All Wi-Fi networks have an architecture that is specifically designed to support a network where all decision-making is distributed across the network's stations (i.e. the components, which may be mobile, portable, or stationary, that connects to the wireless medium). The building blocks of all Wi-Fi networks include:

• Support of all station (computer, printers, scanners, etc.) services including authentication, de-authentication, privacy, and delivery of the data (MAC service data unit).

• Basic Service Set (BSS), a set of stations (e.g. computing devices) that communicate with one another. When all the stations in the BSS communicate directly with each other and there is no connection to a wired network, the BSS is called an "Independent BSS" (IBSS), although it is more commonly known as an "ad hoc network" (i.e. it is typically a short-lived network with a small number of stations in direct communication range). When a BSS includes an access point (AP), the BSS is no longer independent and is called an "infrastructure BSS" or simply "BSS." In an infrastructure BSS, all computing devices (stations) communicate with the AP. The AP provides both the connection to the wired LAN (if there is one) and the local relay function within the BSS.

• Extended Service Set (ESS), a set of Infrastructure BSSs, where the APs communicate among themselves to forward traffic from one BSS to another. The APs perform this communication via what is referred to as a Distribution System (DS). The DS is the backbone of the WLAN and may be constructed of either wired or wireless networks.

(See Fig. 7.7 for a visual explanation of each of the above-referenced Basic Service Sets.)

As explained in previous chapters, the original 802.11 standard defines the OSI's (Open System Interconnection) Data Link Layer's MAC (Medium Access Control) sublayer and PHY (Physical) Layer. And, to date, all of the ensuing amendments and supplemental standards either enhance the original MAC for QoS (Quality of Service) and security, or extends the original PHY for high-speed data transmission.

The design of 802.11's MAC interface means it is compatible with 802.3 networks.
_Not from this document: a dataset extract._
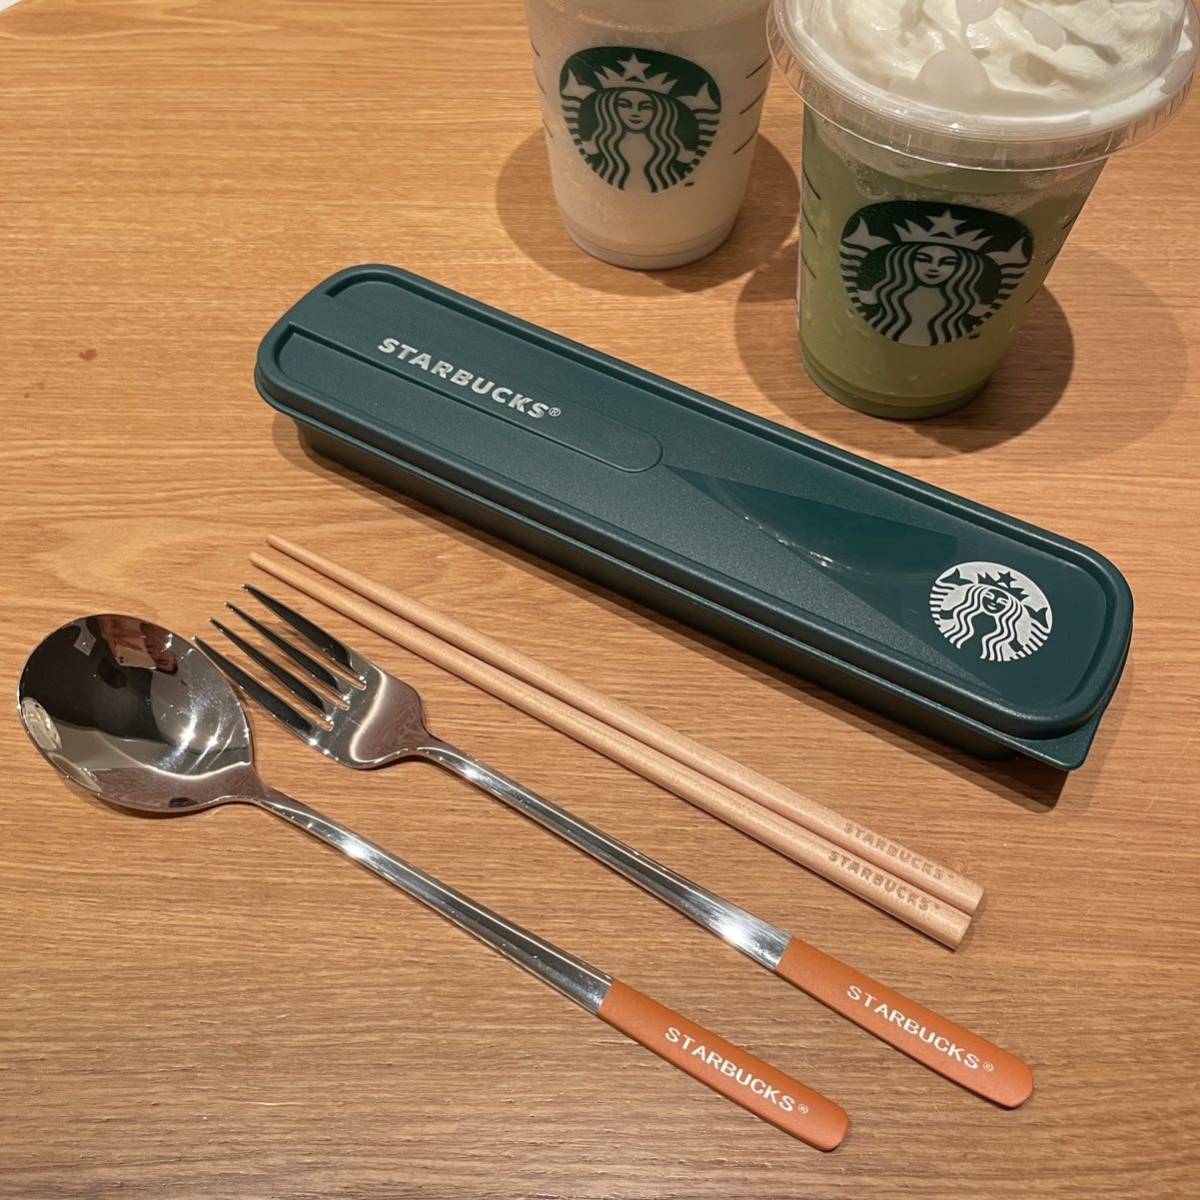  за границей ограничение старт ba Starbucks ножи посуда комплект специальный с коробкой .. зеленый 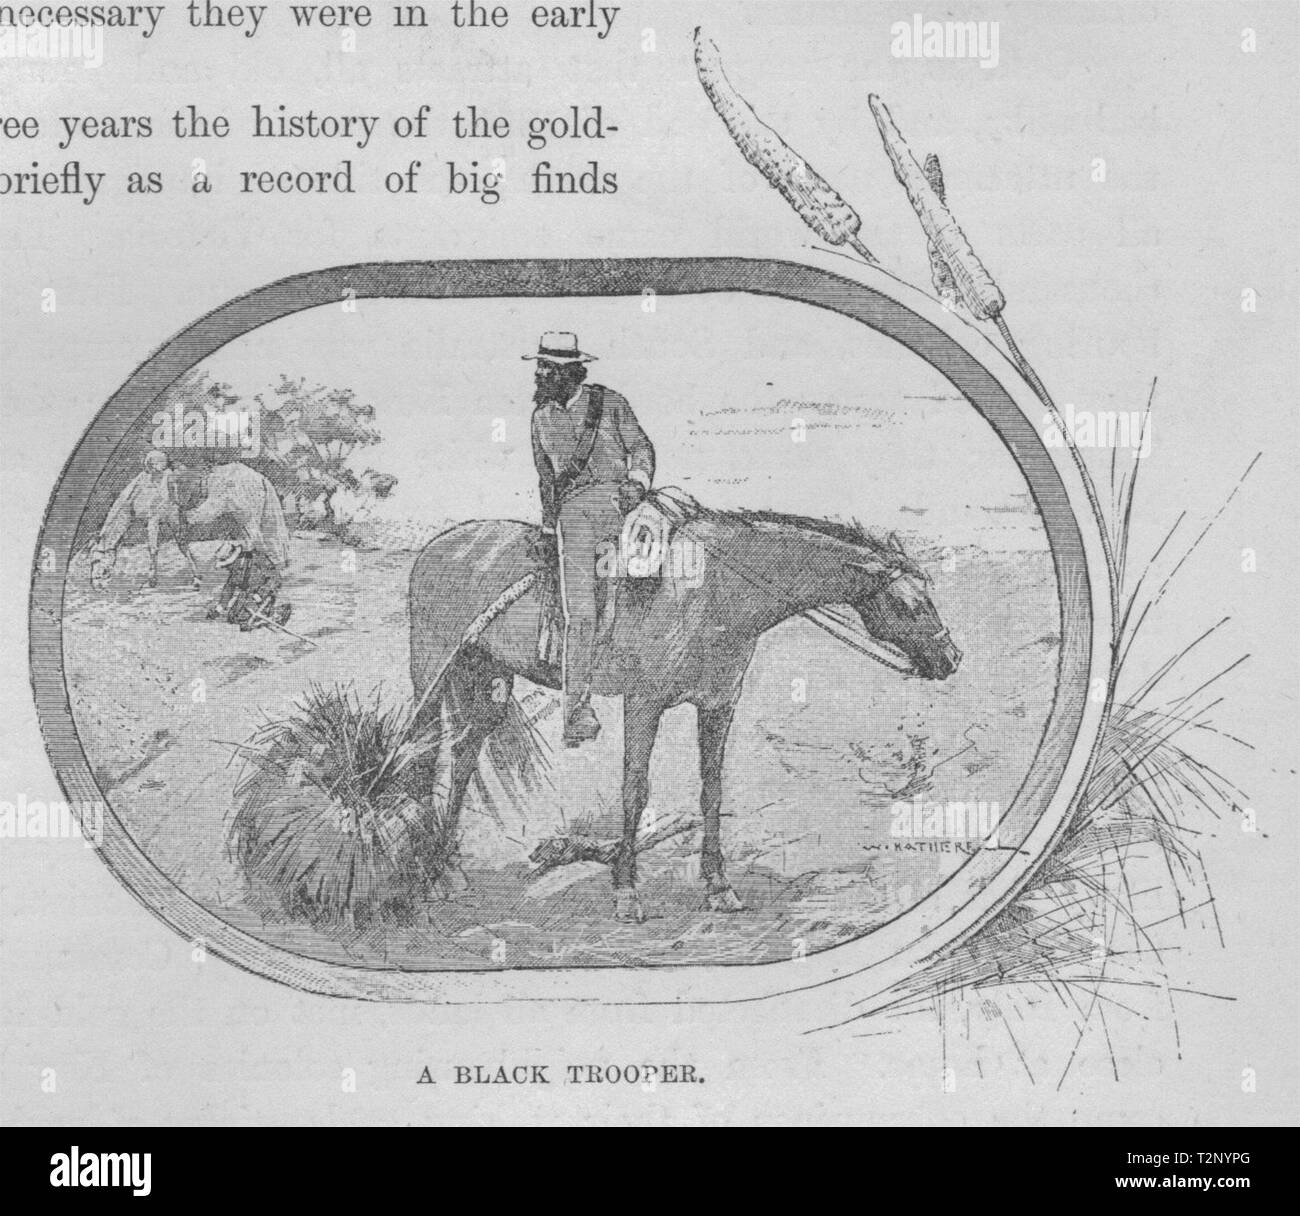 A Black Trooper. Gold. Australia 1890 antique vintage print picture Stock Photo

But the 802.11 MAC offers many other functions as well, including:

• Providing a reliable delivery mechanism for user data over wireless media, which is achieved through a frame exchange protocol at the MAC level.

• Controlling access of the shared wireless media via two different access mechanisms: the contention-based mechanism, called the distributed coordination function (DCF), and a centrally controlled access mechanism, called the point coordination function (PCF).

• Protecting the data it delivers, which is done through a privacy service, called Wired Equivalent Privacy (WEP) that encrypts the data sent over the wireless medium.

Furthermore, Physical Layer dependent parameters (like timing intervals and backoff slots) are also modeled in the MAC.

As applications using the 802.11 specifications broaden, e.g. HotSpots, integration into 2.5G and 3G cellular phone devices, support for streaming media, and more, a different implementation focus will be needed. All 802.11 implementations are comprised of four key components: the PHY, the MAC (both are normally delivered via a silicon chip), the Distribution Services, and the Management Services (the latter two are software components that enable 802.11 Access Points and Gateways to be created). And while all implementations of 802.11 require a MAC and PHY to operate, Management Services and Distribution Services are only required in certain applications. For instance:

The MAC and PHY components implement the 802.11 standards for MAC and PHY.

The Distribution Services provide the functionality to enable communication with a wired and wireless infrastructure via routing of frames that provide scalable, reliable and secure networks.

The Management Services provide the ability to manage a large-scale wireless infrastructure, to monitor performance, to determine the best method to tune network performance, and to modify operational parameters such as security and Quality of Service.